── Available data ──

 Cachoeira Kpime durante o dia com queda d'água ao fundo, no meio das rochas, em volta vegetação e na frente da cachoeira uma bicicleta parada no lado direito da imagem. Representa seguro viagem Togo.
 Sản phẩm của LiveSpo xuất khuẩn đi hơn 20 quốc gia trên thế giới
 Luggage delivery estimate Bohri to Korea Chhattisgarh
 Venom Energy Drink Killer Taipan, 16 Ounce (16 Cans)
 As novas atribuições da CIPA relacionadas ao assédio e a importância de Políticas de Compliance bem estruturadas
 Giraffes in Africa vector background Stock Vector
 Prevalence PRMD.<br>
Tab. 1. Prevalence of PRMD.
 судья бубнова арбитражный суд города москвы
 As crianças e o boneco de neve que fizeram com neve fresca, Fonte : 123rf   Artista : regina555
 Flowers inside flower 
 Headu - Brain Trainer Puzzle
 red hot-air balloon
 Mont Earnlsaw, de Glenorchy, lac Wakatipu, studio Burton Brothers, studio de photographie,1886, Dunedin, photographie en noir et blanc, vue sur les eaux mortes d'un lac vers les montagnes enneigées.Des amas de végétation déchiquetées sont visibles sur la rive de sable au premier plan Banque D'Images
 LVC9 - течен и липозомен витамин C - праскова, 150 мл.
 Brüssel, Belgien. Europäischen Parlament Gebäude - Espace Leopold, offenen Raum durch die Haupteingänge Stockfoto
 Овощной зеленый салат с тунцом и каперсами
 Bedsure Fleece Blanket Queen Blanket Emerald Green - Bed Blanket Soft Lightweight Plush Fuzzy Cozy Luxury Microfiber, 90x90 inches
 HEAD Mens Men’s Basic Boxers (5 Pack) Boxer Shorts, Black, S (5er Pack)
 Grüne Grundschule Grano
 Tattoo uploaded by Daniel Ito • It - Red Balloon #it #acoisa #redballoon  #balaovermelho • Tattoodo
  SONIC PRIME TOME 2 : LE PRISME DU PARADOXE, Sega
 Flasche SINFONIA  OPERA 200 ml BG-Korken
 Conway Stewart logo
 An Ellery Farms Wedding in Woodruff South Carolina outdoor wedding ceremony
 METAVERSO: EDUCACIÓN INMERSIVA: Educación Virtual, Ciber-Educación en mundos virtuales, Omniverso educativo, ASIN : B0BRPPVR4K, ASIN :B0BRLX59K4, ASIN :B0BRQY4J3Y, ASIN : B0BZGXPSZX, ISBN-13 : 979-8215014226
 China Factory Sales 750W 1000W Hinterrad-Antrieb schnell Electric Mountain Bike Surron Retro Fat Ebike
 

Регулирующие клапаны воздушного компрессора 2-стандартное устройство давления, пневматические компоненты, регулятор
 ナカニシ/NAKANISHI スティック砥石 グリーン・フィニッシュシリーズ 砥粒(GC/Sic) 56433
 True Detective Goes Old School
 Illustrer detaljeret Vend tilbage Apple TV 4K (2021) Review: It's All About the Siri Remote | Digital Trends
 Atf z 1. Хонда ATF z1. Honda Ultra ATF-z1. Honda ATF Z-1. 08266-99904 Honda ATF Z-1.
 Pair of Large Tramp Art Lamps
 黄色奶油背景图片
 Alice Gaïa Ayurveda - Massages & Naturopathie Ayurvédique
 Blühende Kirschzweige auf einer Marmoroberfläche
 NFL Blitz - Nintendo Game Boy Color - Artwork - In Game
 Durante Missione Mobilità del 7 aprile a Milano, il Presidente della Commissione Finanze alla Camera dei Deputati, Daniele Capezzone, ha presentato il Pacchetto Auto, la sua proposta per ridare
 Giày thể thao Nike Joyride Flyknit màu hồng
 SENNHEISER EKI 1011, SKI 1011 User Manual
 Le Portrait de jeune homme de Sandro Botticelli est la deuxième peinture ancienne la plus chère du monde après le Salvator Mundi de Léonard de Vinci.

───

— Your task —
Return the entries above unchanged, starting at the first line and stopping after the line with "red hot-air balloon".

— Answer to this problem —
 Cachoeira Kpime durante o dia com queda d'água ao fundo, no meio das rochas, em volta vegetação e na frente da cachoeira uma bicicleta parada no lado direito da imagem. Representa seguro viagem Togo.
 Sản phẩm của LiveSpo xuất khuẩn đi hơn 20 quốc gia trên thế giới
 Luggage delivery estimate Bohri to Korea Chhattisgarh
 Venom Energy Drink Killer Taipan, 16 Ounce (16 Cans)
 As novas atribuições da CIPA relacionadas ao assédio e a importância de Políticas de Compliance bem estruturadas
 Giraffes in Africa vector background Stock Vector
 Prevalence PRMD.<br>
Tab. 1. Prevalence of PRMD.
 судья бубнова арбитражный суд города москвы
 As crianças e o boneco de neve que fizeram com neve fresca, Fonte : 123rf   Artista : regina555
 Flowers inside flower 
 Headu - Brain Trainer Puzzle
 red hot-air balloon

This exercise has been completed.